Consett Academy is a secondary academy school in Consett, the result of a merger between Consett Community Sports College and Moorside Community Technology College.

==History==

===Consett Community Sports College===

Consett Community Sports College was in the Blackhill area of Consett. The site had originally been Consett Grammar School. At the time of closure Consett Community Sports College had a capacity of 985. The last head was Christine Parker. In 2006 it had 750 pupils.

The school had been previously known as Blackfyne Comprehensive School. In 1970 Blackfyne had 650 pupils and was described as a "Mixed Grammar Technical type".

===Moorside Community Technology College===

Moorside Community Technology College was in the Moorside area of Consett. It was opened in 1959 as Moorside Secondary Modern School; the head at that time was W. Ellison. At the time of closure the school's capacity was 600. Based on the 2007 GCSE results, it was categorised as a failing school. The following year its GCSE results made it the second most improved school in the country.

===Consett Academy===

The academy was originally planned to be funded under Building Schools for the Future (BSF), but plans were delayed with the cancellation of BSF. In 2010 an Early Day motion called on the government to "release the funding for the much-wanted and prepared-for academy school for the area, putting an end to the anxious wait of all concerned".

The school was sponsored as an academy by New College Durham and Durham County Council. New College Durham is also the academy sponsor for North Durham Academy.

Consett Academy opened in January 2012, initially across the two sites of its predecessor schools. In September 2015 the school moved to purpose-built buildings on Consett's former football ground, co-located with a new city leisure centre.

==Academic results==

In 2010, 57% of Year 11 pupils at Consett Community Sports College and 63% of those at Moorside Community College attained five or more GCSEs at grades A*-C including English and mathematics.

In 2017, 24% of Year 11 pupils attained Grade 5 or above in English and maths GCSEs, compared to the Durham local authority average of 35% and the national average of 40%.

The average A level points score for sixth-form pupils in 2017 was 32, in line with the local authority and national averages. The percentage of Consett Academy sixth-formers going on to university in 2017 was 79%, compared to 50% in the local authority and 51% nationally.

==Ofsted judgements==

At the closure of the preceding schools, Consett Community Sports College had been judged Satisfactory and Moorside Community Technology College had been judged Good.

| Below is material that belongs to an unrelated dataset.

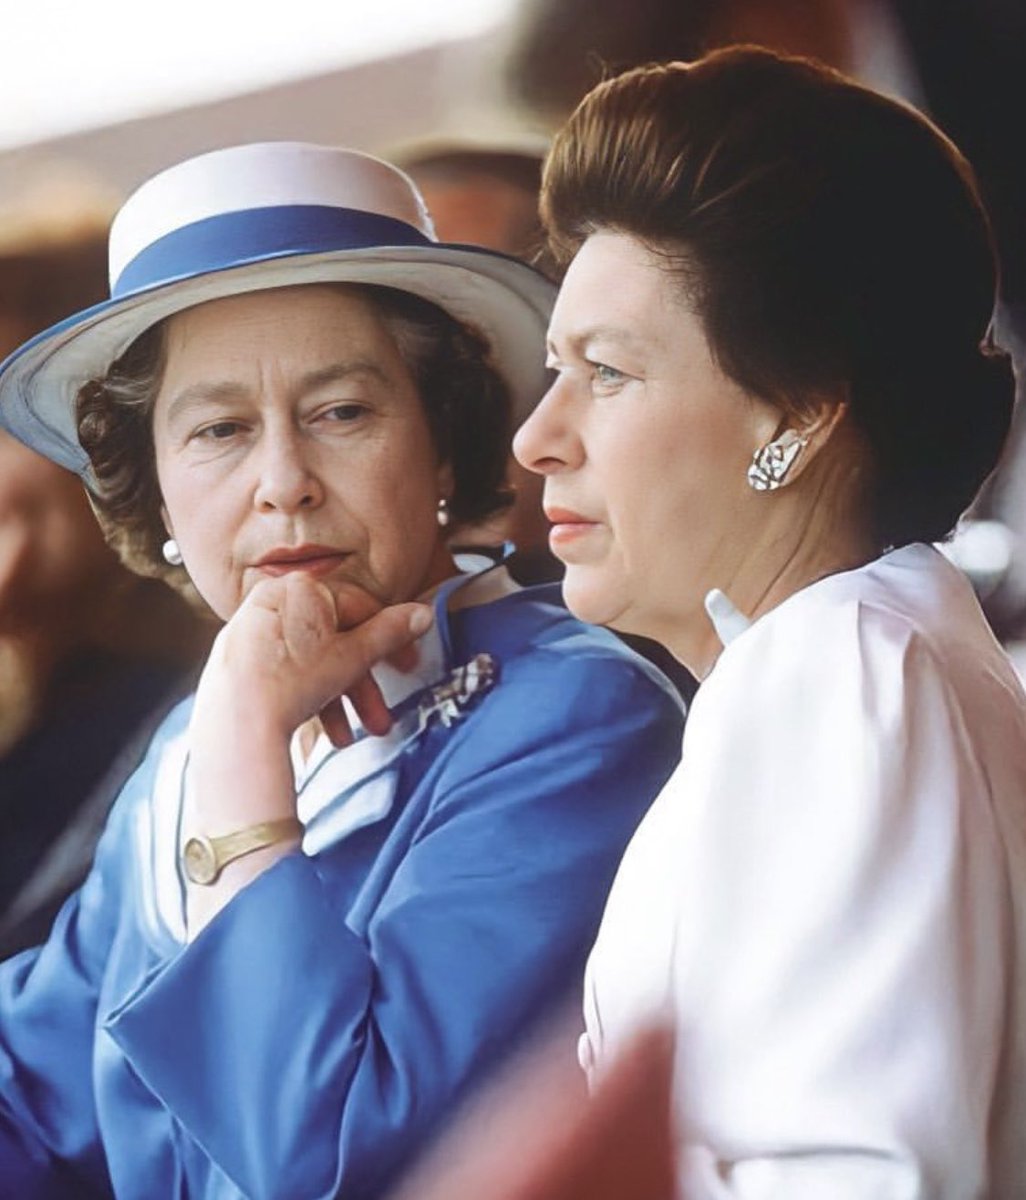 Queen Elizabeth II and her sister Princess Margaret in 1988. 

#TheQueen #QueenElizabeth #PrincessMargaret

Blackfyne Community School, the predecessor of Consett Community Sports College, had last been inspected in 2004 and judged Good.

Consett Academy was first inspected in 2013 and judged to Require Improvement. It was inspected again in 2016 and judged Good.

==School uniform==

There was controversy in 2016 about the school's decision temporarily to exclude pupils for not wearing the correct uniform. Despite this, the school's policies have not changed as of 2024.

==Notable pupils and staff==

===Consett Grammar School===

- Alun Armstrong, actor
- Christopher Lowson, bishop
- Sheila Mackie, art teacher at the school; artist
- Sir Alan Campbell (politician), British politician, Labour Member of Parliament and Cabinet Minister.